Molecular Mechanism of the Protective Effect of Zerumbone on Lipopolysaccharide-Induced Inflammation of THP-1 Cell-Derived Macrophages.

作者信息

Kim Min-Ju, Yun Jung-Mi

机构信息

Department of Food and Nutrition, Chonnam National University, Gwangju, South Korea.

出版信息

J Med Food. 2019 Jan;22(1):62-73. doi: 10.1089/jmf.2018.4253. Epub 2018 Nov 1.

Abstract

Unregulated inflammatory responses lead to massive production of macrophages-activating inflammatory cytokines and chemokines, which may induce diabetes, cancer, and atherosclerosis. Macrophages differentiated from human monocyte (THP-1) have been extensively used in in vitro inflammation models in recent studies. Zerumbone is a major component of the essential oil of Zingiber zerumbet Smith, a type of wild ginger. In this study, we investigated the effects of zerumbone on the secretion of pro-inflammatory cytokines and its underlying mechanistic regulation in lipopolysaccharide (LPS)-activated inflammation of THP-1 cell-derived macrophages. Nuclear factor (NF)-κB and toll-like receptors (TLRs) are known to play important roles in inflammation and immunity. If pathogens enter the host, TLRs recognize the pathogens and signal for the activation of NF-κB to induce inflammatory gene products, such as cytokines. We demonstrated that zerumbone inhibits the secretion of pro-inflammatory cytokines and the induction of NF-κB p65 in LPS-activated inflammation of THP-1 cell-derived macrophages. In addition, zerumbone significantly inhibited mRNA and protein levels of TLR-2/4, and the expression of myeloid differentiation factor 88 (MyD88) adaptor proteins in the LPS-activated inflammation of THP-1 cell-derived macrophages.
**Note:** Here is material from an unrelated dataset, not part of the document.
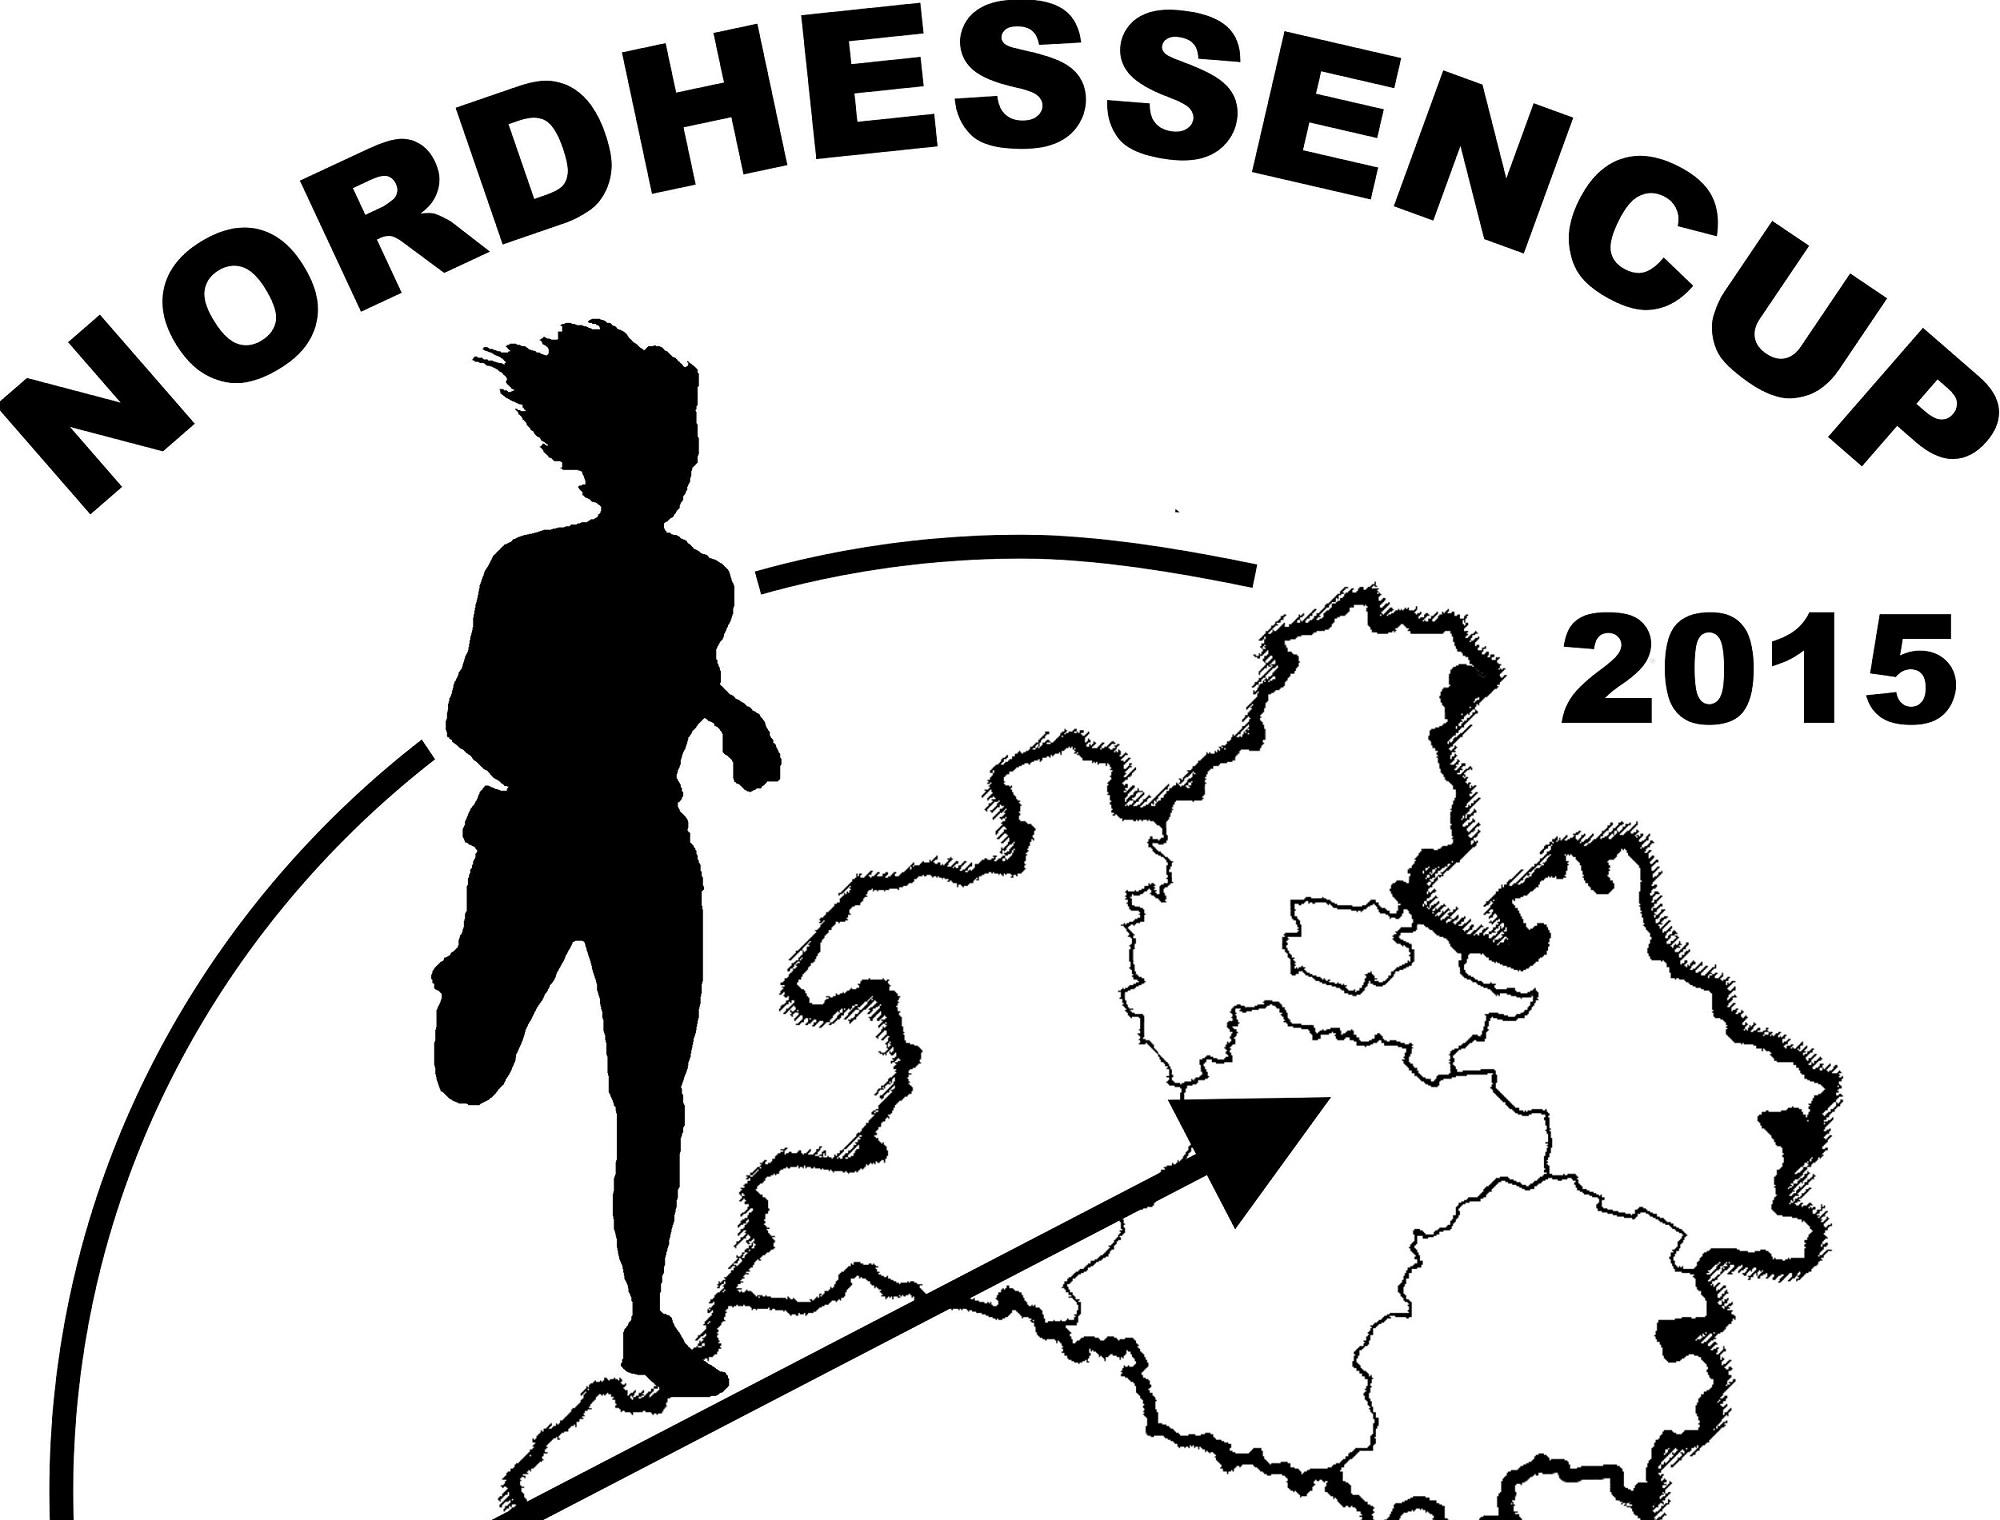 Nordhessencup
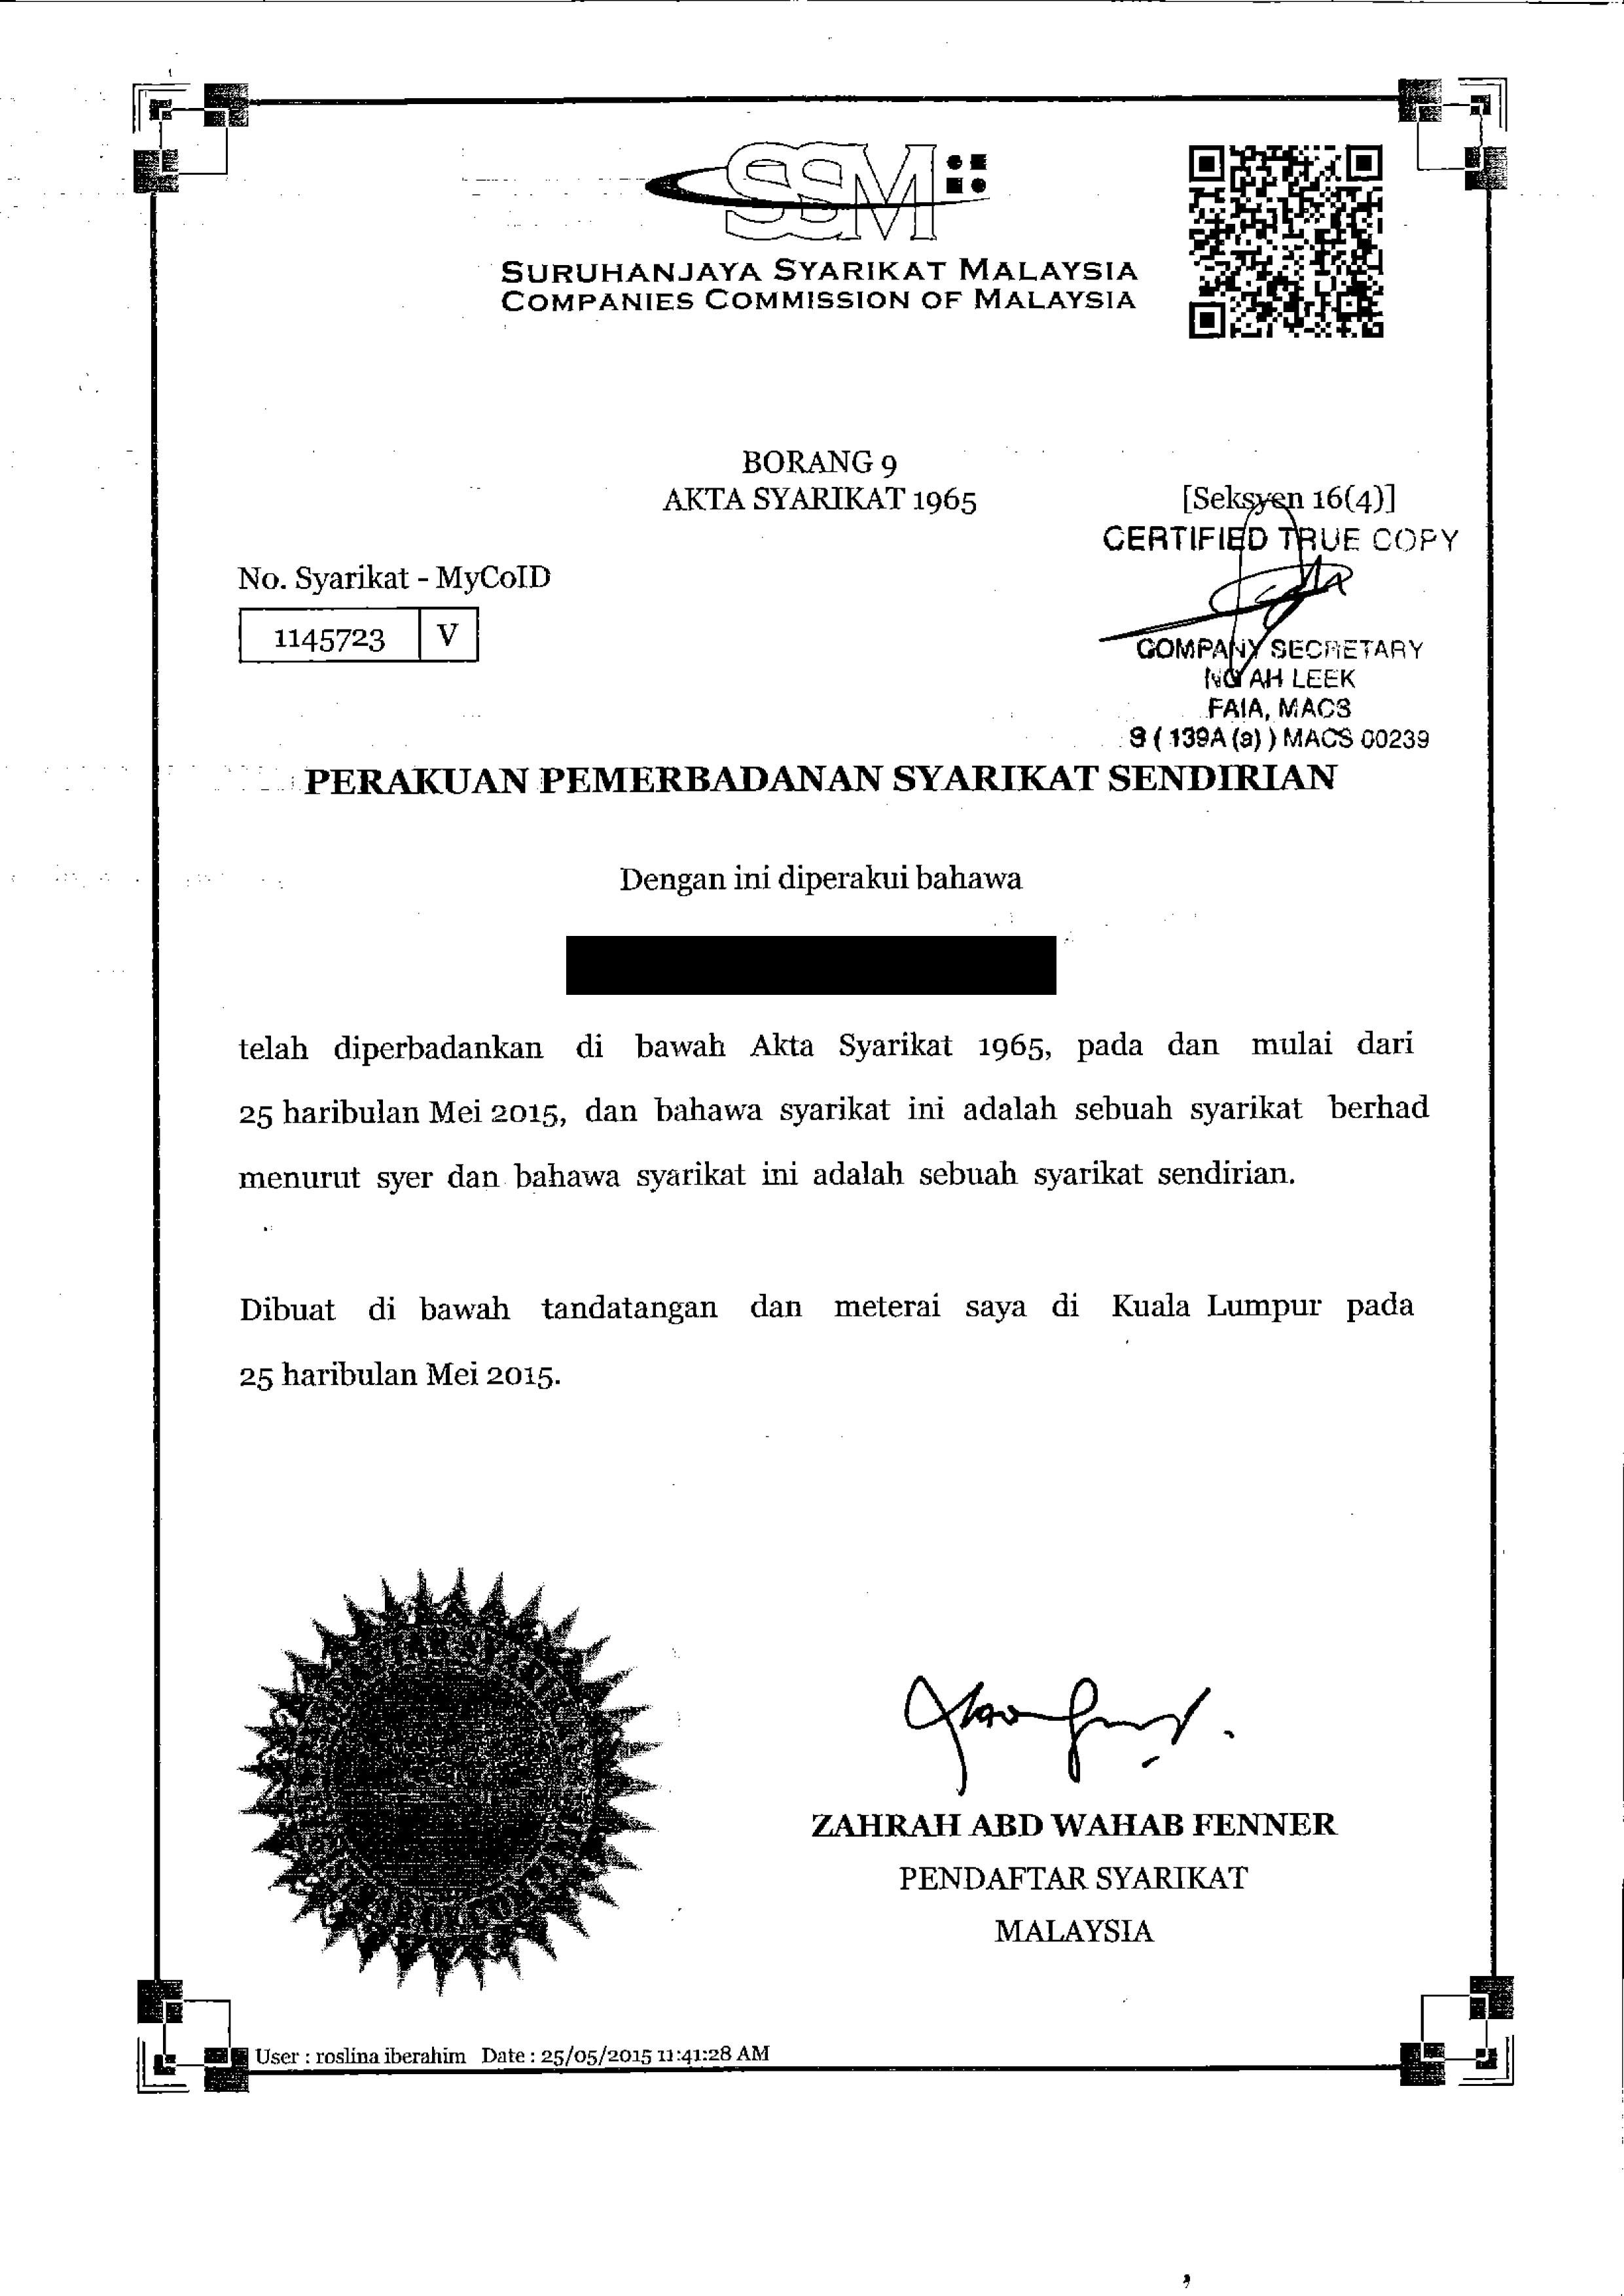 SSM Certificate

Moreover, we showed that zerumbone (1-10 μM) regulated histone deacetylase (HDAC) activity and the expression of HDAC genes. H3K9ac, H3K27ac, and H3K4me2 are inducible histone marks that activate gene expression. Treatment with LPS upregulated H3K9ac, H3K27ac, and H3K4me2 in THP-1 cell-derived macrophages; however, this upregulation was decreased by zerumbone treatment. Therefore, these results provide evidence that zerumbone may have therapeutic benefits for chronic inflammatory diseases.

摘要

不受调控的炎症反应会导致大量产生激活巨噬细胞的炎性细胞因子和趋化因子,这可能诱发糖尿病、癌症和动脉粥样硬化。近年来,从人单核细胞(THP-1)分化而来的巨噬细胞已被广泛用于体外炎症模型。姜黄烯是一种野生姜——莪术(Zingiber zerumbet Smith)精油的主要成分。在本研究中,我们调查了姜黄烯对促炎细胞因子分泌的影响及其在脂多糖(LPS)激活的THP-1细胞来源巨噬细胞炎症中的潜在机制调控。已知核因子(NF)-κB和Toll样受体(TLRs)在炎症和免疫中起重要作用。如果病原体进入宿主,TLRs会识别病原体并发出信号激活NF-κB,以诱导炎性基因产物,如细胞因子。我们证明,姜黄烯可抑制LPS激活的THP-1细胞来源巨噬细胞炎症中促炎细胞因子的分泌和NF-κB p65的诱导。此外,姜黄烯显著抑制LPS激活的THP-1细胞来源巨噬细胞中TLR-2/4的mRNA和蛋白水平,以及髓样分化因子88(MyD88)衔接蛋白的表达。此外,我们发现姜黄烯(1-10μM)可调节组蛋白脱乙酰酶(HDAC)活性和HDAC基因的表达。H3K9ac、H3K27ac和H3K4me2是可诱导的组蛋白标记,可激活基因表达。用LPS处理可上调THP-1细胞来源巨噬细胞中的H3K9ac、H3K27ac和H3K4me2;然而,姜黄烯处理可降低这种上调。因此,这些结果提供了证据表明姜黄烯可能对慢性炎症性疾病具有治疗益处。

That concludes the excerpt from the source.